The 100,000 metre 2012 drilling program will primarily focus on extending the San Jose, San Amado and St Eduviges underground veins along strike and down dip. The surface program will test for new open pitable deposits westward along the PGR trend (PGR West) and at Cerro Blanco (St Librada SE). The Cerro Blanco target altered zone hosts surface values over a 1 kilometre long area and over 100 metres wide. There is an additional substantial-sized target on a parallel zone 300 metres southwest of Cerro Blanco.


El Chanate Highlights


During the quarter, the first phase of a five-phase expansion program was completed and the second phase is well advanced.


Phase 1 of the program targeted an average crushing and stacking rate of 18,000 tonnes per day. During the quarter the crushing and stacking rate averaged 17,833 tonnes per day, with an additional 317,652 tonnes of run-of-mine ore sent directly to the leach pad.


Phase 2 of the expansion program is well advanced with a target stacking and crushing rate of 21,000 tonnes per day. Crushing and stacking rates are expected to reach targeted levels during Q1 2012.


Upgrades to the conveyor system to accommodate the increased stacking rate have been completed and include the commissioning of a new stacker and the upgrading of all conveyor motors, gears and tail pulleys.
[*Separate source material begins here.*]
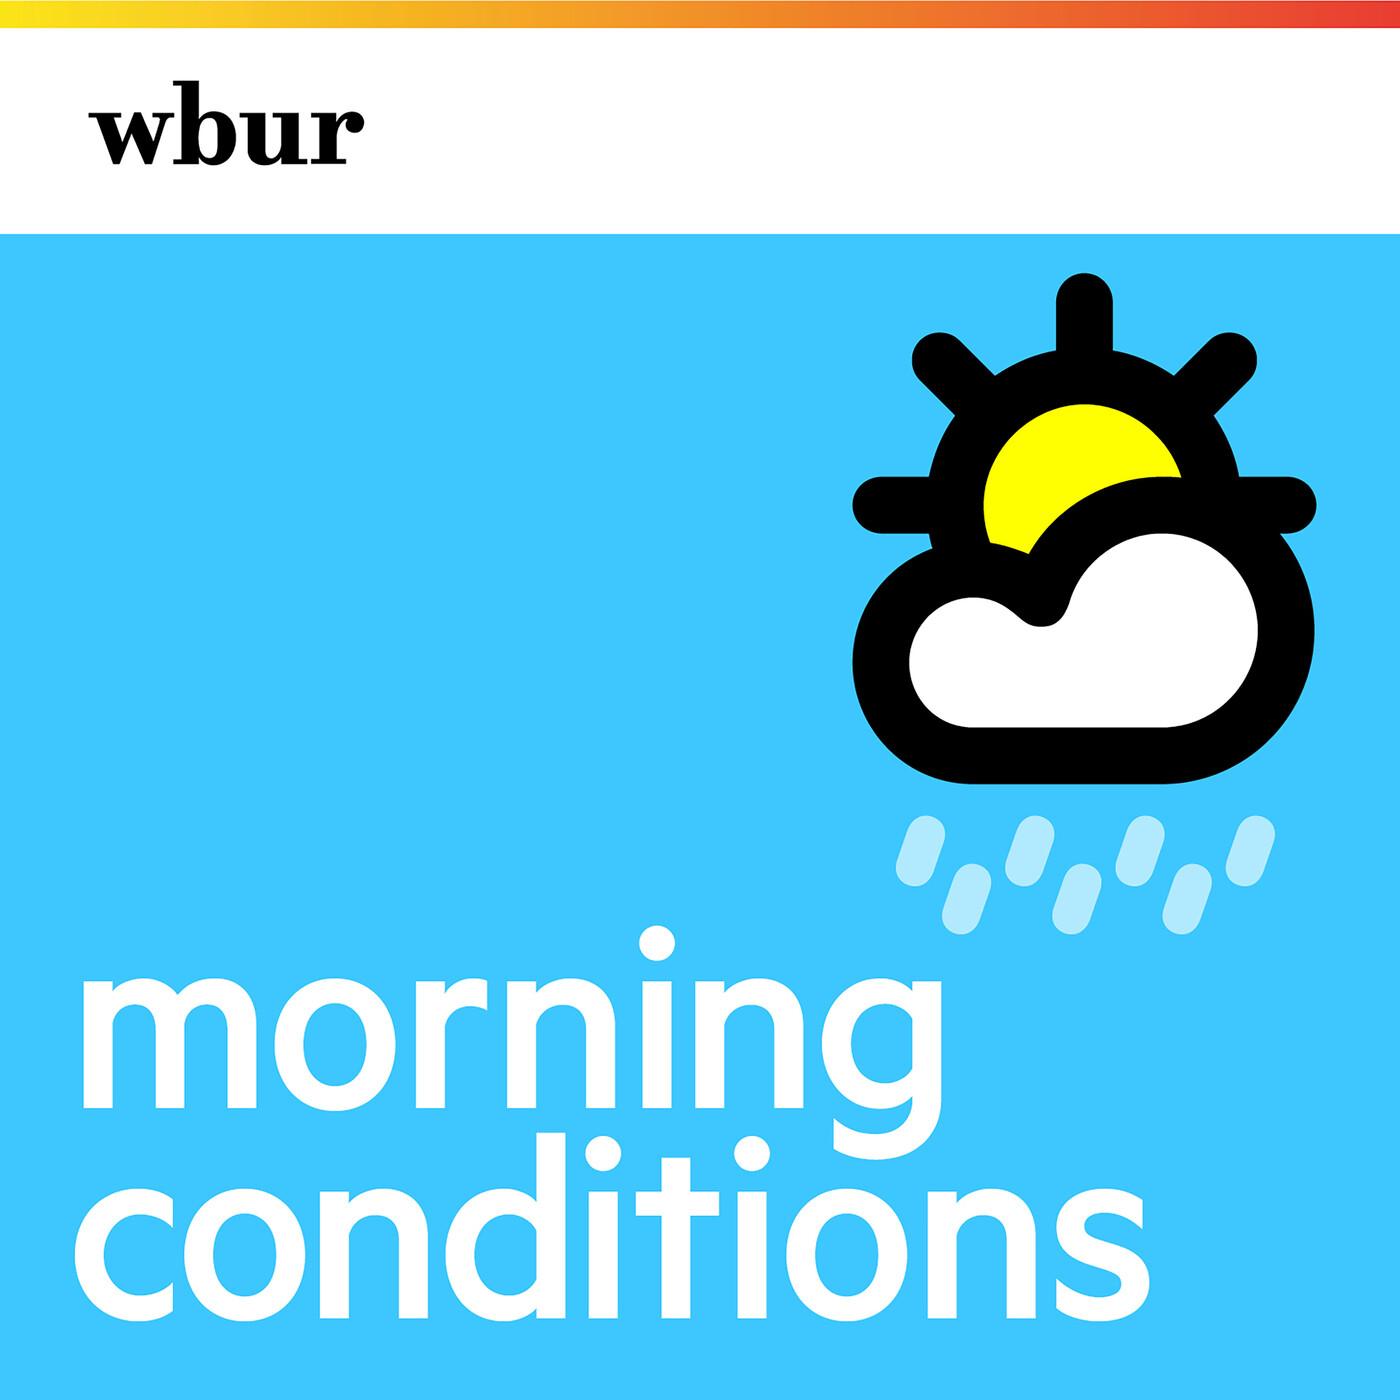 Forecast for Wednesday, Oct 21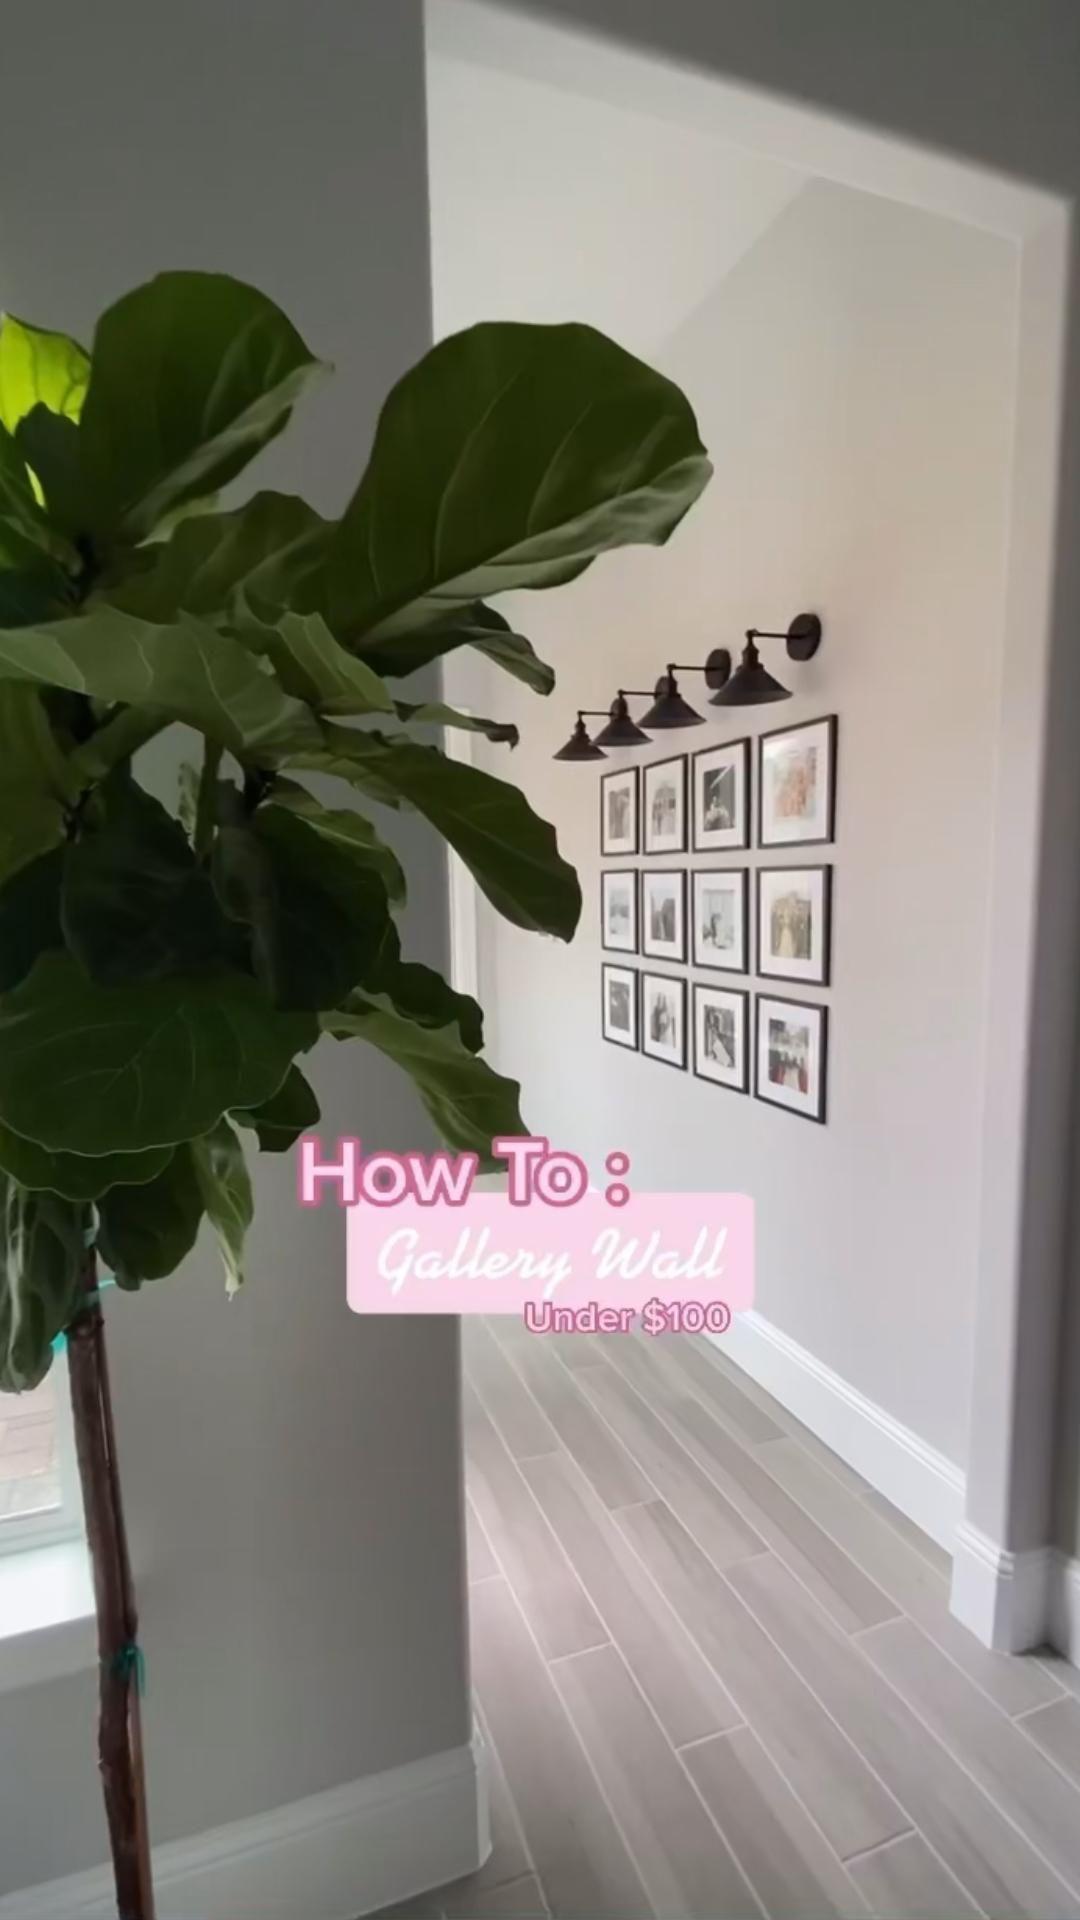 Puck light hack! For more home DIYs, follow @LovetheLunas on Instagram

An intermediate grade solution pond was commissioned on December 1st. This, combined with earlier upgrades to the pumps and feed lines has allowed the solution pumping rates to the leach ponds to be increased to from 20,000 to 31,500 m3 per day. With the increase in solution capacity, it will be possible to place more surface area under leach.


An additional ADR (Adsorption-Desorption-Recovery) plant was installed and commissioned on December 20th. This will allow the solution treatment rate to increase from 17,000 m3 per day to 28,000 m3 per day. A third carbon regeneration kiln is expected to be operational during the first quarter.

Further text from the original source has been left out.